To understand the biological significance of the Sz sequences, it is useful to know their chromosomal locations. Therefore, we attempted to select Sz sequences, but it was rather difficult to unambiguously define Sz borders. To overcome this problem, we added computer-generated random sequences as described by Abe et al. (2009). To obtain the random sequences, we generated 50-kb random sequences with nearly the same mono-, di- , tri-, and tetranucleotide compositions as individual 50-kb human sequences and designated the random-sequence set as Mono-, Di-, Tri-, and TetraRan. Then, we constructed Penta- and DegePenta-BLSOMs with 50-kb human sequences plus one of the four random-sequence sets. After addition of Mono- and DiRan, real and random sequences were clearly separated from each other, and Sz sequences were located within the human territory (Fig. S3B); lattice points with only random sequences or with no sequences were left white. In contrast, the addition of TetraRan sequences formed specific zones composed of colored lattice points outside the major human territory and thus within TetraRan territories (white zones) on the Penta- and DegePenta-BLSOMs (Fig. 1c, d). The DegePenta-BLSOM yielded a much simpler pattern than the Penta-BLSOM, and five clear specific zones (Sz1-5) were found within the TetraRan territory in the DegePenta-BLSOM, and the Sz sequences thus unambiguously defined were used in the following analyses.
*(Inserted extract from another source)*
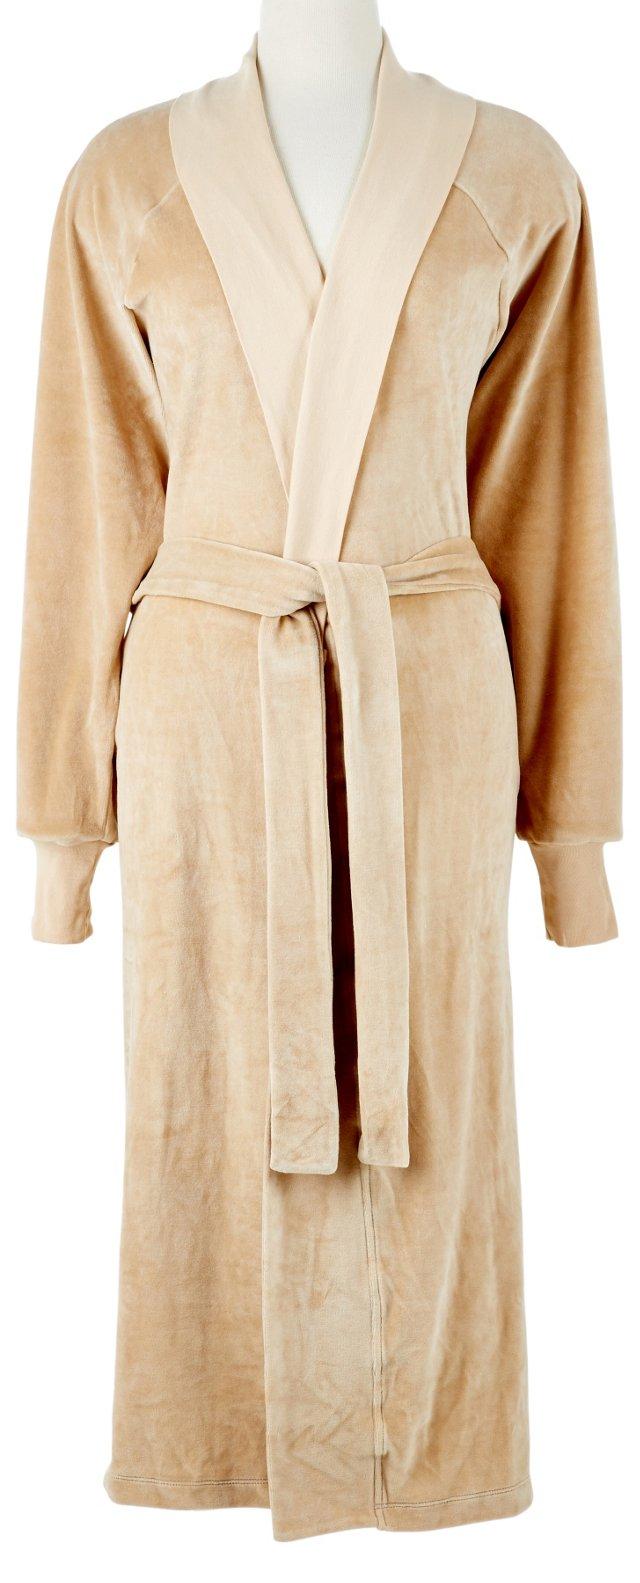 Organic Cotton Velour Robe, Barley

Chromosomal locations of Sz sequences

To clarify characteristics of Sz sequences, we investigated their chromosomal locations, and Fig. 2 plotted the numbers of 50-kb Sz sequences per 500 kb on ten chromosomes with colored symbols distinguishing Sz. Edges of the centromeric heterochromatin region “band p11 (or p11.1)–q11 (or q11.1)”, which was designated here as the centromeric band region, obtained from the UCSC Genome Browser (http://genome.hmgc.mcw.edu/) were marked with two brown arrows. On these and almost all human chromosomes, with the clear exception of chrY, the highest peak for one or a few types of Sz were located not only within but also near the centromeric band region, as far as judged on the UCSC Genome Browser. Although precise assignment of centromeric bands at a sequence level should be difficult in principle, we concluded that the Sz sequences located within and near the centromeric region and thus in pericentric regions.

Fig. 2
figure 2

Distribution of Sz sequences on individual chromosomes. Numbers of sZ sequences per 500-kb were plotted with colored symbols distinguishing sZ: Sz1 (), Sz2 (), Sz3 (), Sz4 (), and Sz5 (). Centromeric and pericentric heterochromatin regions were marked with horizontal bars just above the X-axis and also with two brown arrows

The Sz that produced the highest peak in pericentric regions differed among chromosomes, and the less evident enrichment was observed in restricted regions far away from the pericentric regions on some chromosomes; e.g., the subtelomeric region in chr11. In the case of chrY, the Sz-sequence clusters were observed primarily outside the pericentric regions. This exceptional case may relate to the fact that a large portion of chrY consists of repetitive sequences to form heterochromatin.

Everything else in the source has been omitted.